Mantener una buena salud
La salud general tiene un impacto significativo en el bienestar sexual.
La actividad física regular mejora la circulación sanguínea, fortalece los músculos, favorece la salud cardiovascular, mejora el estado de ánimo y aumenta los niveles de energía. Incluso el ejercicio moderado, como caminar a paso ligero o nadar varias veces por semana, puede influir positivamente en la función sexual.
Controlar las afecciones médicas crónicas es igualmente importante. Enfermedades como la diabetes, la hipertensión, la obesidad, la artritis y las enfermedades cardiovasculares pueden contribuir a la incomodidad sexual o a la disminución del deseo.
Una dieta equilibrada rica en frutas, verduras, cereales integrales, proteínas magras y grasas saludables favorece el equilibrio hormonal y la salud vascular. Mantenerse hidratada también ayuda a mantener la salud de los tejidos.
Fumar daña los vasos sanguíneos y disminuye la circulación en los tejidos vaginales, lo que dificulta la sequedad y la cicatrización.

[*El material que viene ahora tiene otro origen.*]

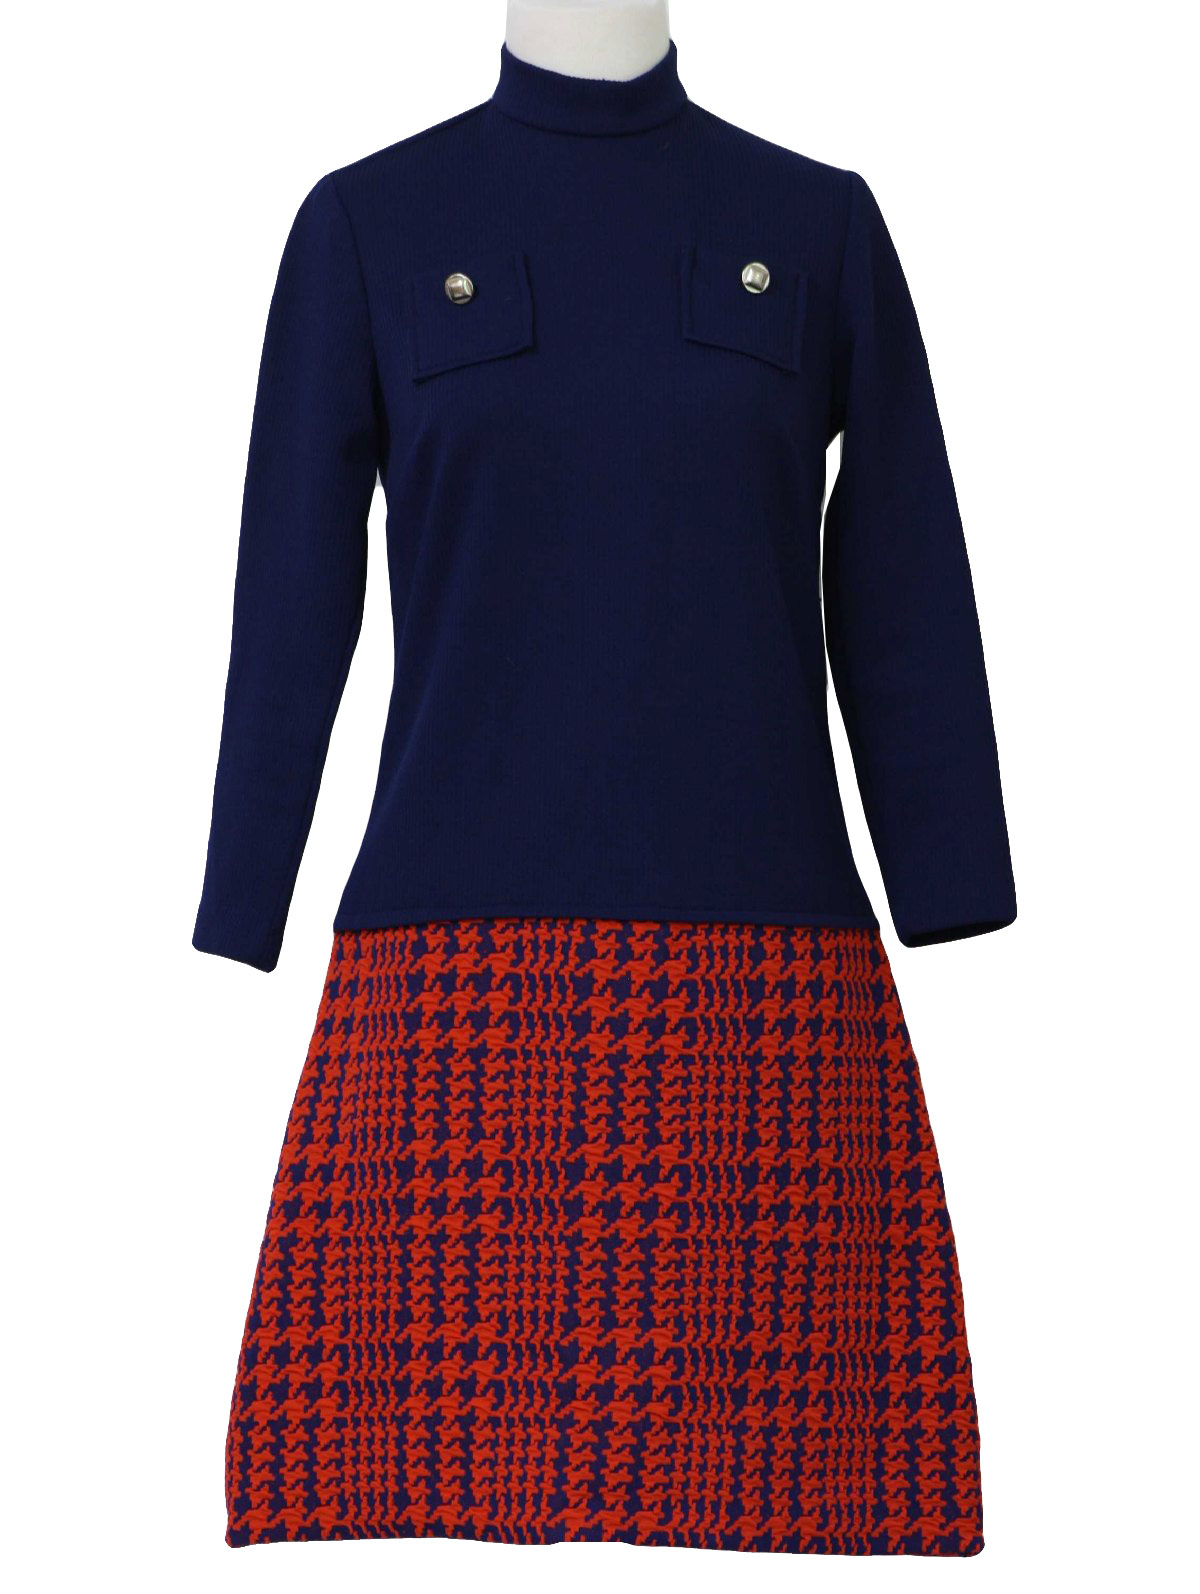 70s Retro Dress: 70s -Happenings- Womens navy blue rib knit and navy

Dejar de fumar puede mejorar el flujo sanguíneo y la salud genital en general con el tiempo.
Limitar el consumo excesivo de alcohol también puede mejorar la respuesta sexual y reducir la sequedad vaginal en algunas mujeres.
En resumen:
La menopausia trae consigo muchos cambios naturales, pero la intimidad dolorosa no es algo que las mujeres deban aceptar sin más. La sequedad vaginal, la incomodidad y los cambios en el deseo sexual son comunes, pero se pueden controlar con la combinación adecuada de cambios en el estilo de vida, productos de venta libre, terapias médicas y apoyo emocional.
La experiencia de la menopausia es diferente para cada mujer. Encontrar el tratamiento más eficaz puede requerir cierta experimentación, pero muchas mujeres recuperan la comodidad, la confianza y una intimidad satisfactoria tras abordar las causas subyacentes. Si los síntomas persisten o afectan a su calidad de vida, no dude en consultar con un profesional sanitario. Con la orientación adecuada y una atención personalizada, es totalmente posible mantener una vida íntima sana y plena después de la menopausia.